Среди богомольцев Белгородских бывали и Коронованные Особы, а именно: Александр I Благословенный 11 сентября 1825 г., Императрица Елисавета Алексеевна – 18 сентября 1825 г., Император Николай I – 15 сентября 1832 г. и ныне благополучно царствующий Император Николай II.

Последнее счастливое событие произошло 4 мая 1904 г., когда Державный Вождь русской армии заезжал и в Белгород благословить войска в поход на Дальний Восток. Приветствуемый на пути от вокзала до монастыря многотысячной толпой, около 10 часов утра, Монарх прибыл к собору в сопровождении Его Императорского Высочества (тогда Наследника) Михаила Александровича, а также Великого Князя Сергея Михаиловича и блестящей свиты.

Прослушав в соборе краткое молебствие и приложившись к чудотворному образу Святителя Николая, Государь Император спустился в пещеру. Здесь Помазанник Божий, Самодержец Всероссийский преклонил свои колена пред тем, кого Господь прославил нетлением и даром чудотворений.

И после своей смерти Святитель Иоасаф не оставляет своим молитвенным покровом всех, с верой и любовью притекающих к нему.

Вот, например, что сообщает о сем священник Михайловской церкви слободы Борисовки, Грайворонского уезда, Курской епархии, Иоанн Высочинский.

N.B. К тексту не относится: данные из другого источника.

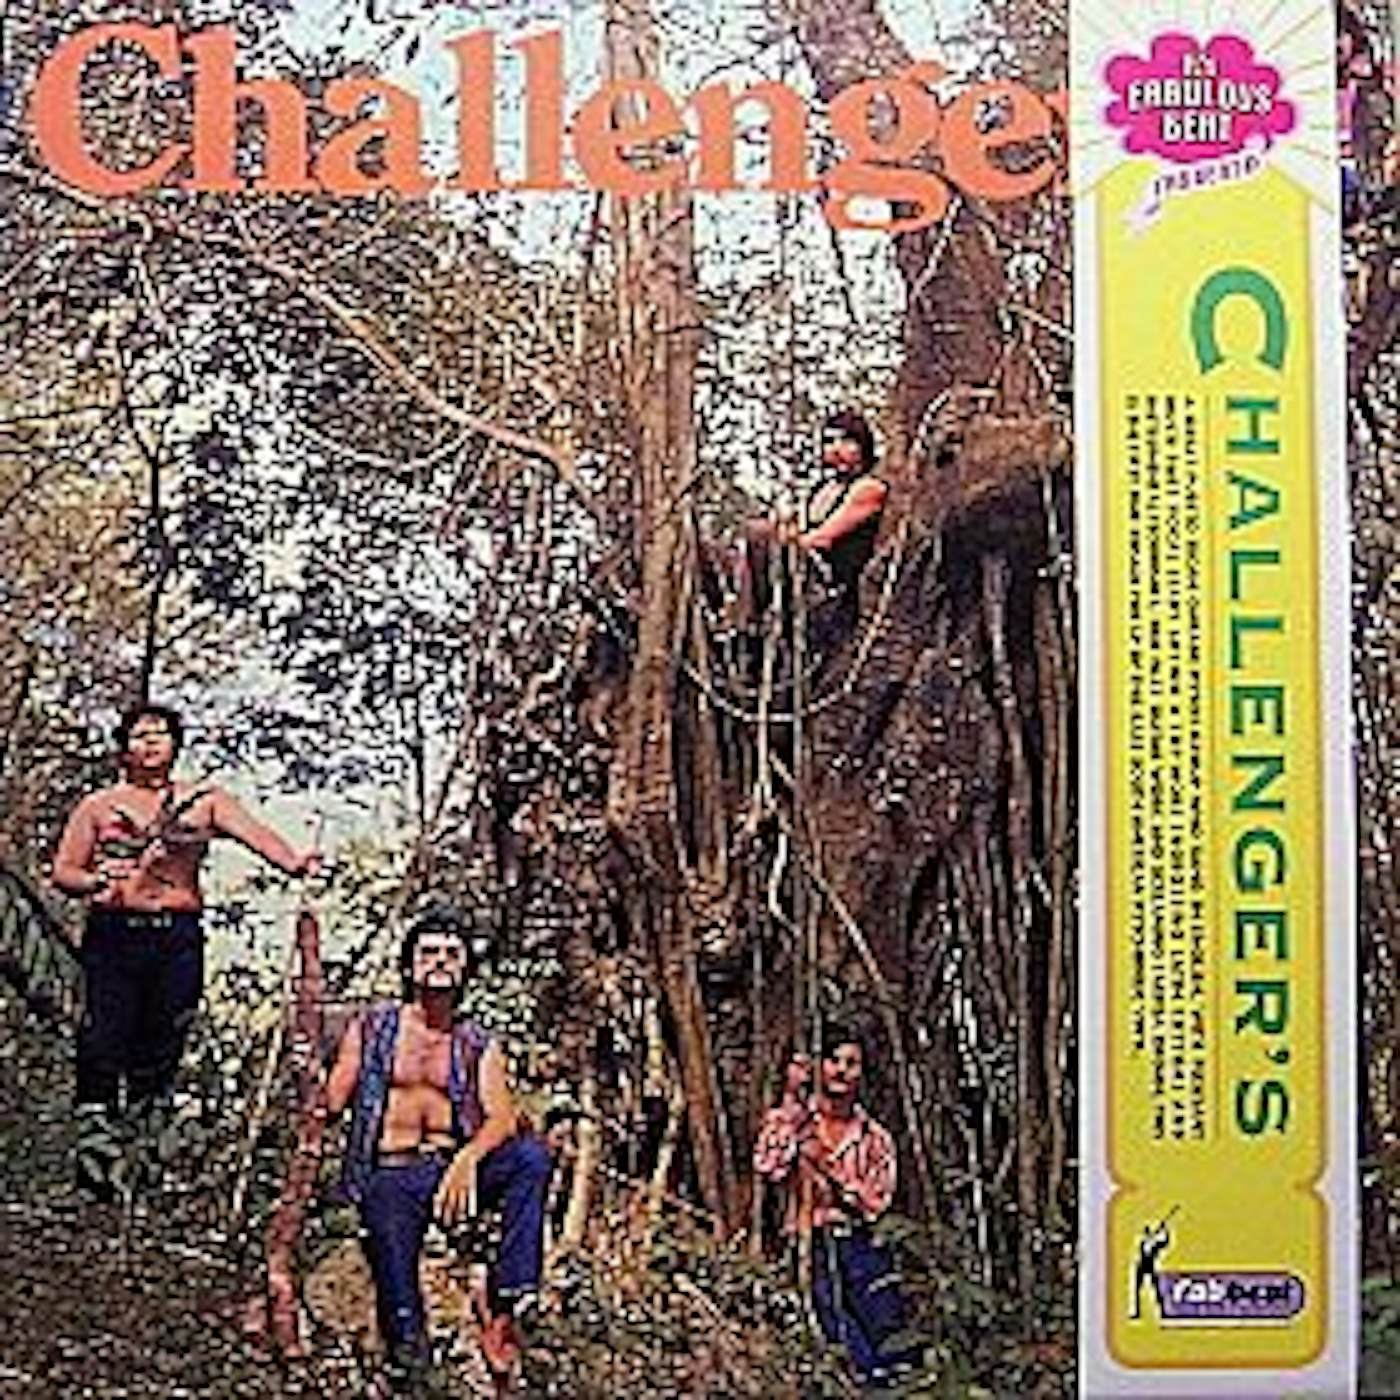 The Challengers Vinyl Record
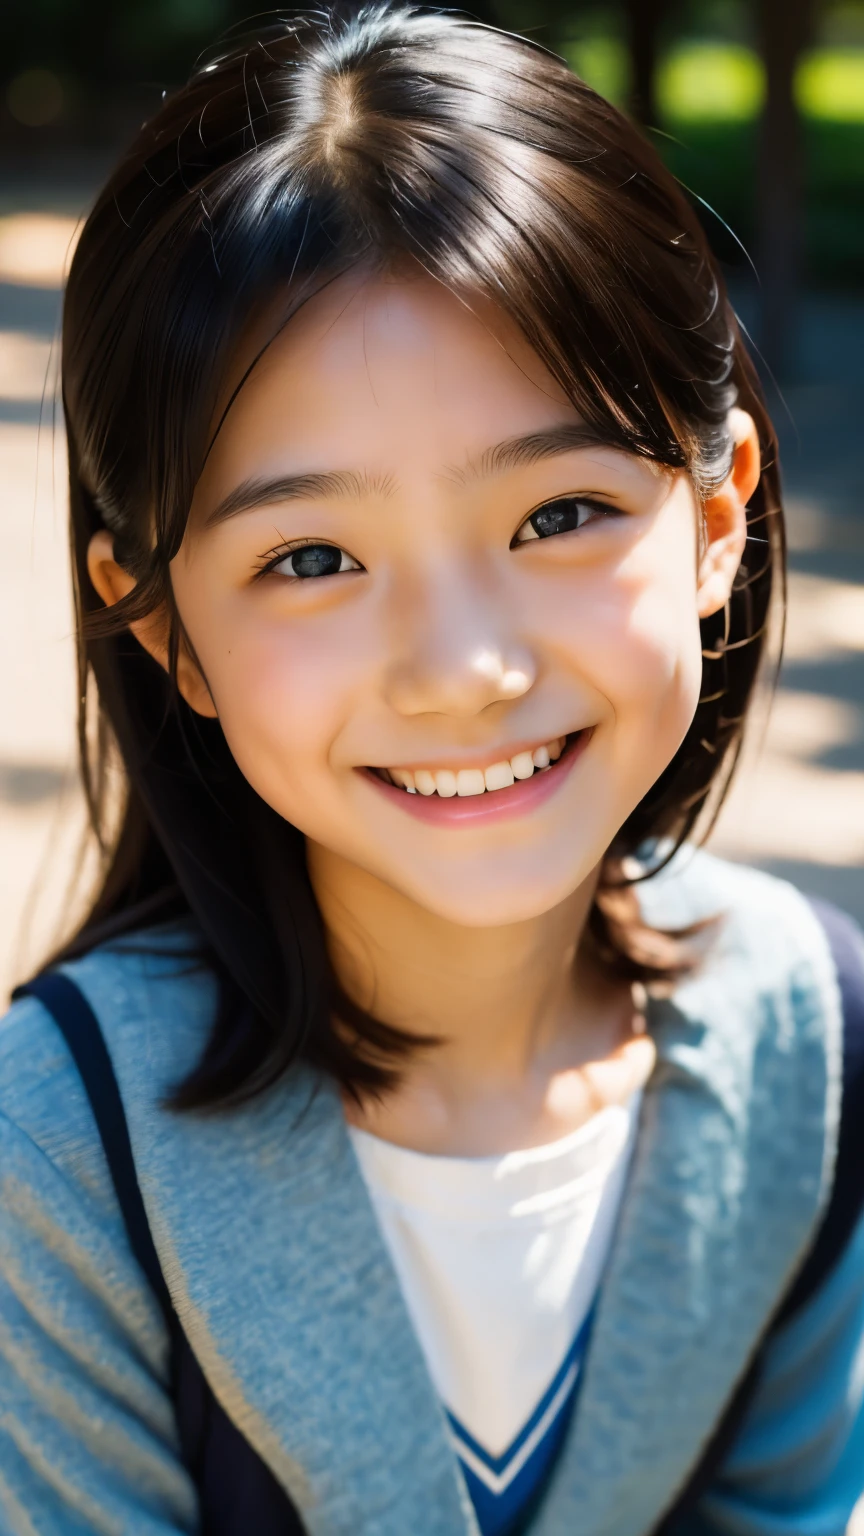 линза: 135 мм f1.8, (высшее качество),(Фотографии в формате RAW), (Стол:1.1), (красивая 10-летняя японская девочка), милое лицо, (Глубоко выточенное лицо:0.7), (веснушки:0.4), dappled Солнечный лучик, Драматическое освещение, (японская школьная форма), (В кампусе), застенчивый, (Крупным планом:1.2), (улыбка),, (сверкающие глаза)、(Солнечный лучик)

В бытность мою учеником Белгородского духовного училища, пред экзаменами, я всегда ходил в Белгородский мужской монастырь приложиться к мощам Святителя Иоасафа и помолиться пред чудотворным образом Св. Николая Ратного. Настал экзамен по предмету для меня особенно трудному. С вечера, накануне экзамена, товарищи меня спросили: «пойдешь завтра на панихиду Св. Иоасафа»? Я отвечал: «нет не пойду! да хотя бы и пошел, ответить не надеюсь». И вот меня, юного скептика в помощи свыше, вразумляет Святитель. В эту же ночь он явился мне во сне с посохом в руках, посмотрел на меня строго и даже постучал о пол. Вразумительный смысл этого видения для меня был ясен; сомнению в помощи Бога, дивного на святых Своих (Пс. 67:36), не оставалось места. Исполненный покаянного чувства и надежды на помощь Святителя, на утро я поспешил в пещеру Святителя на панихиду. После молитвы в пещере Святителя ни уныния, ни страха от предстоящего экзамена уже не чувствовал и, окрыленный надеждой на Святителя, я смело шел на экзамен. К великой моей радости, ответ мой на экзамене так был разумен и обстоятелен, что удивились преподаватели и товарищи по школе. Верую, что таким ответом я обязан молитвенному предстательству и помощи Святителя. Воистину много бо может молитва праведного (Иак. 5:16–18). 1908 г. 2 марта. (Сообщил священник Михайловской церкви слободы Борисовки, Грайворонского уезда, Курской епархии, Иоанн Высочинский).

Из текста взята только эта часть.